On aurait aimé plus de grinçant dans le traitement que le génial François Ozon allait faire de cette histoire (vraie).
Et pourtant le réalisateur, qu'on a connu comme le révélateur manipulateur et parfois pervers de travers et de mensonges familiaux, en reste ici au premier degré, et livre un film-hommage à son amie Emmanuèle Bernheim, d'un grand classicisme, dans le propos comme dans la forme, d'une grande sobriété et, dans sa pudeur, parfois d'une grande beauté.
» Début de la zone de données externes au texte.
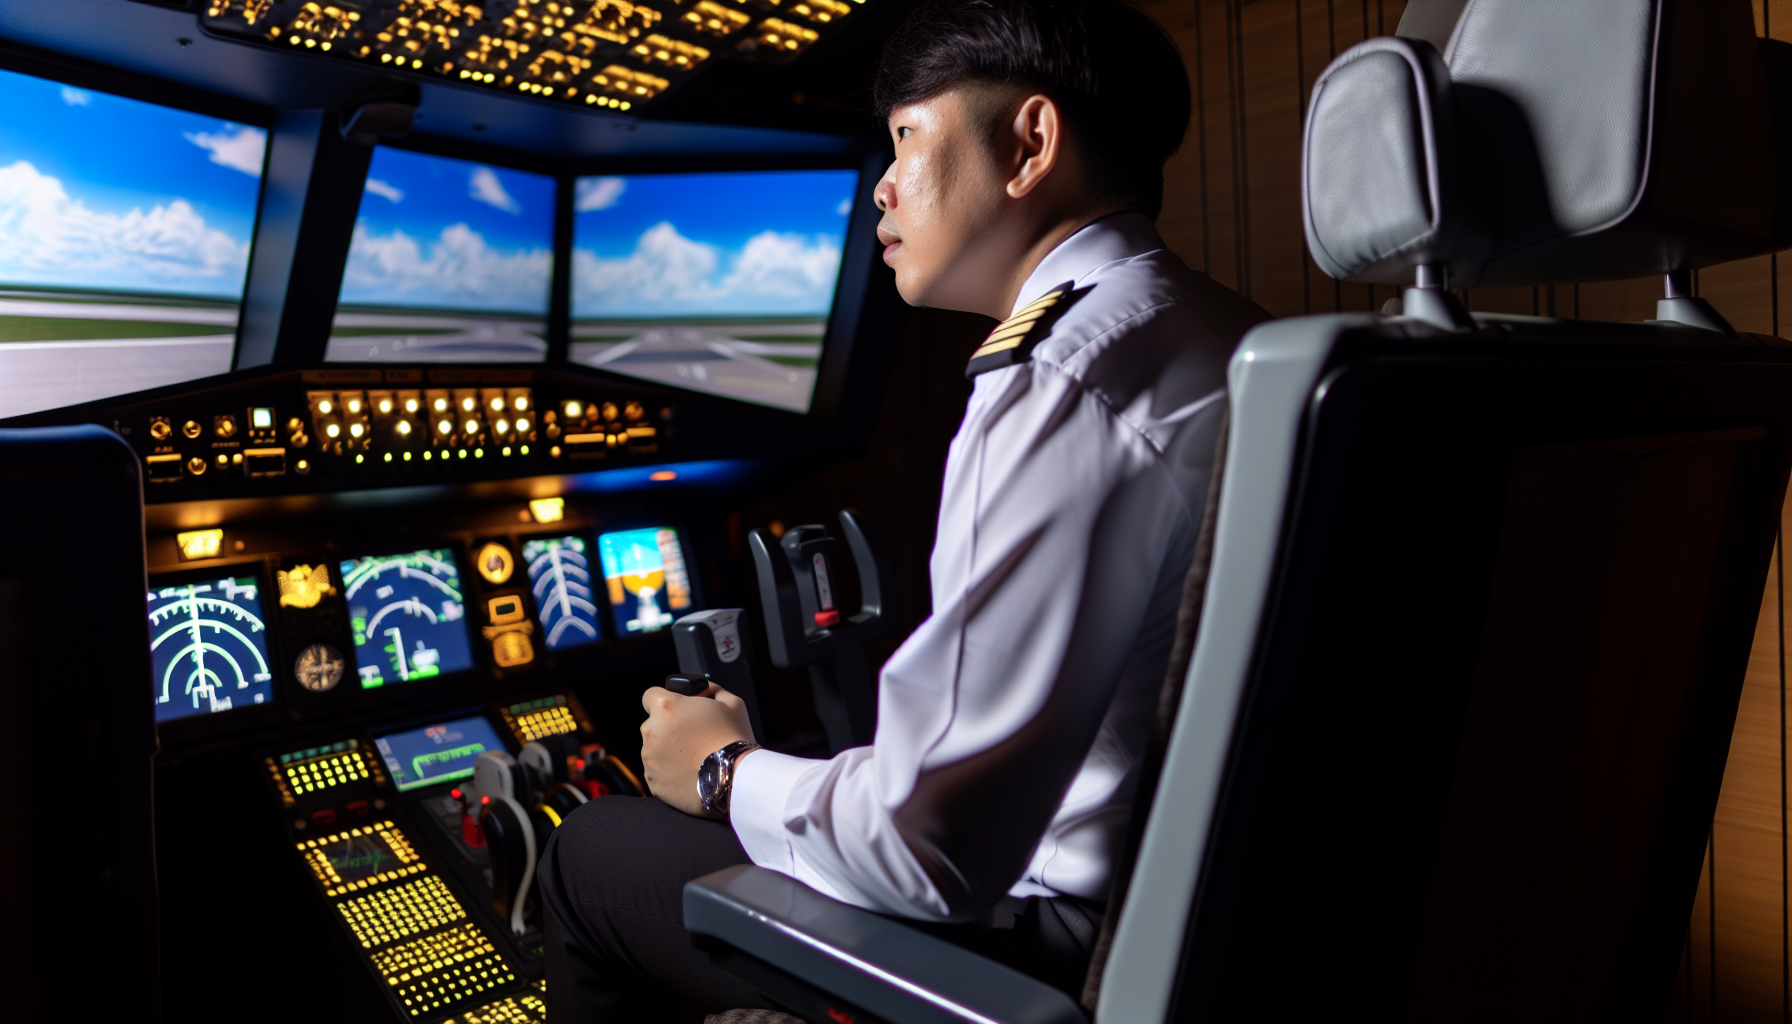 Pilot training with flight simulator

Le sujet politique, s'il est évoqué, n'a aucune portée dénonciatrice (a contrario du superbe Grâce à Dieu qui, dans son objectivité formelle, allait pourtant loin), l'humour apporté pour "détendre l'atmosphère" est parfois maladroit dans sa bouffonnerie (les scènes entre Eric Caravaca et André Dussollier peuvent même s'avérer gênantes), parfois grinçant dans sa méchanceté (Dussollier, en mauvais père désespéré mais pourtant aimant est assez remarquable de vulnérabilité autant que d'assurance), et l'interprétation générale (notamment des deux sœurs Marceau-Pailhas dont l'alchimie est criante de vérité) est de haut vol.
Si le film tient son rythme, intéresse, maintient une forme de suspens, et coche les cases du beau film sentimentaliste qui traite avec discrétion et retenue d'un sujet dur, on regrette vraiment qu'Ozon, surement trop touché personnellement par le sujet (Emmanuèle Bernheim, emportée depuis par un cancer foudroyant, était son amie), n'aille pas plus loin, semblant ne pas oser ce qu'il ose pourtant dans ses films précédents.
Un Ozon mineur donc, que l'on ne verra pas tant pour son réalisateur et sa mise en scène sommaire, précipitée, mais bien plus pour son puissant trio d'acteurs.